Ce texte souligne, à juste titre, le « devoir d’exemplarité des pays moteurs de l’action climatique » dans la lutte contre le réchauffement climatique. Or l’exemplarité est le dernier mot qui me vient à l’esprit quand je pense à la politique environnementale de la France. Depuis l’accord de Paris, jamais notre pays n’a tenu ses engagements de réduction des émissions de gaz à effet de serre.

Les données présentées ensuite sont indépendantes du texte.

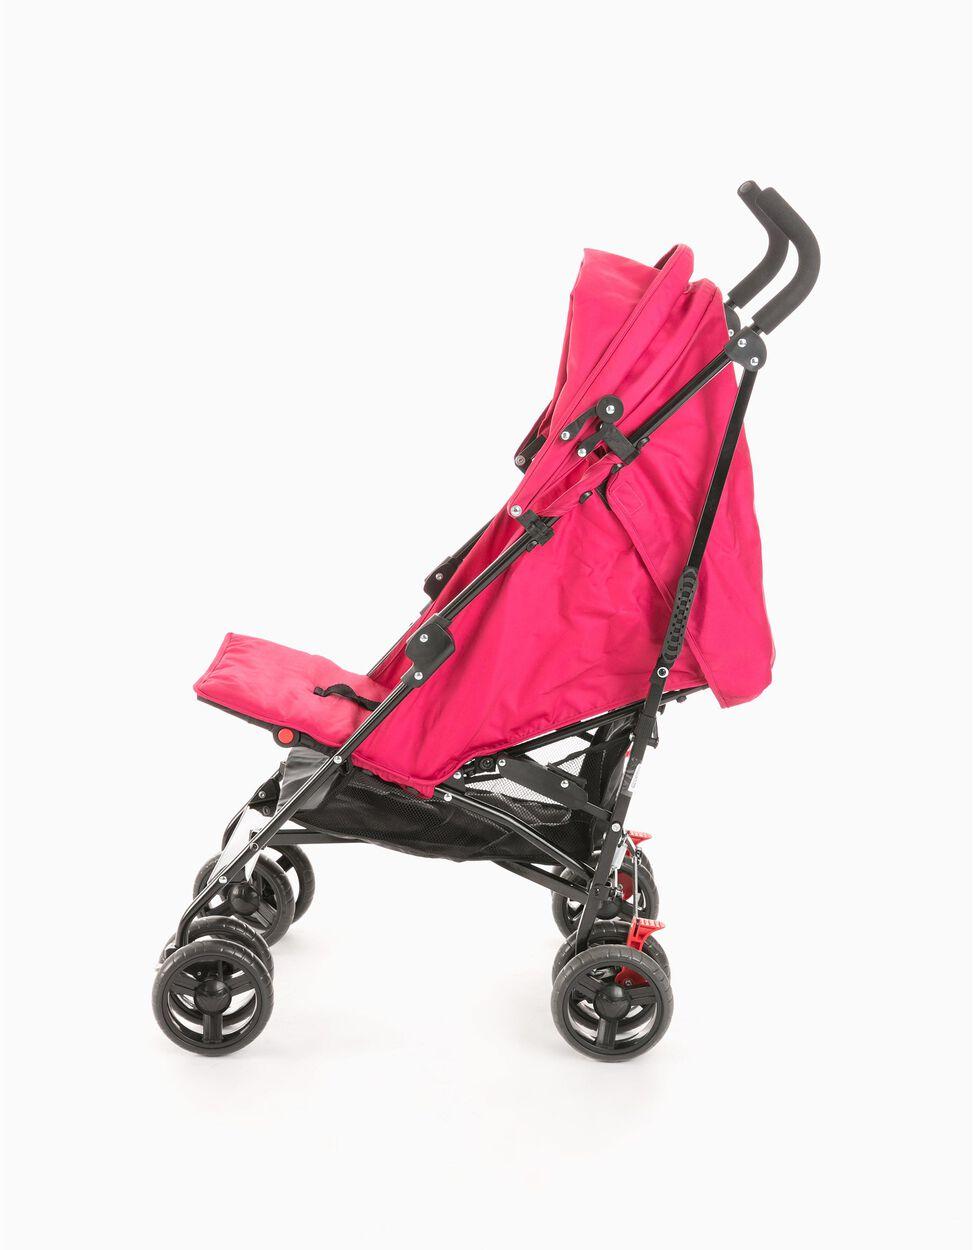 Carrinho Bengala Avenue Zy Safe Pink
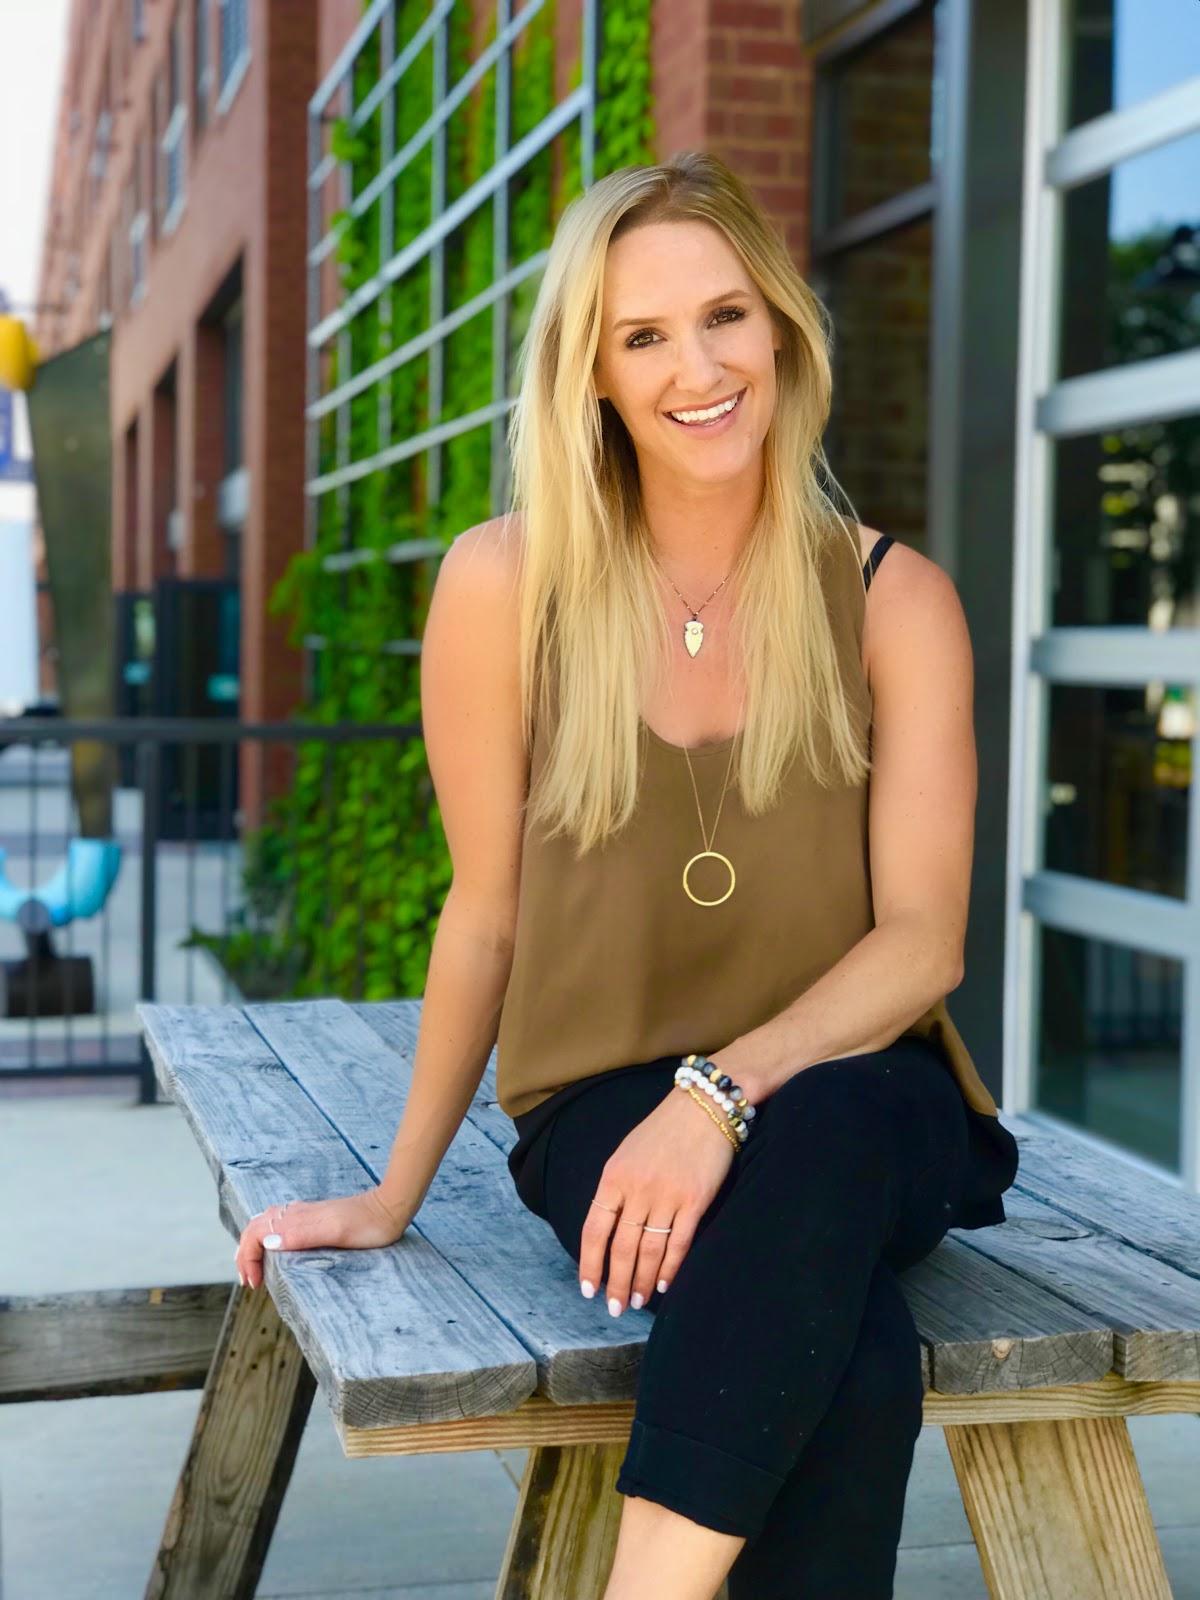 Nikki Smith, owner of Nikki Smith Designs.

La condamnation historique de l’État dans le cadre de « l’affaire du siècle » et la décision inédite rendue au début du mois de juillet par le Conseil d’État, qui demande au Gouvernement de « prendre toutes mesures utiles permettant d’infléchir la courbe des émissions de gaz à effet de serre », mettent en lumière l’inaction du pouvoir en place.

Le Président de la République annonçait en mai 2020 vouloir « changer la nature même de la mondialisation » afin de répondre à l’urgence écologique. Cette volonté se traduit par une distribution massive d’argent public, sans condition, aux secteurs de l’automobile et de l’aviation.

Le même président, lors de son discours sur la France de 2030, a fait part de son souhait d’explorer les fonds marins, riches en métaux et hydrocarbures. Cette soudaine envie d’aventure ne traduit rien d’autre que les prémices d’une exploitation de ces espaces. Si le président s’en défend, je demande donc pourquoi la France s’est abstenue lors de l’adoption par l’Union internationale pour la conservation de la nature d’une motion demandant un moratoire sur l’exploitation minière des grands fonds.

La solidarité internationale doit jouer un rôle primordial dans l’action climatique. Les pays développés s’étaient engagés à verser 100 milliards de dollars par an aux pays en développement. Or, en 2019, le fonds à destination de ces pays n’atteignait que 80 milliards de dollars. La COP de Glasgow doit donc compenser ce retard. Là aussi, la France devrait prendre ses responsabilités.

La faible volonté politique de notre exécutif dans la lutte contre le changement climatique nous décrédibilise sur la scène internationale. J’espère que cette proposition de résolution lui permettra d’en prendre davantage conscience.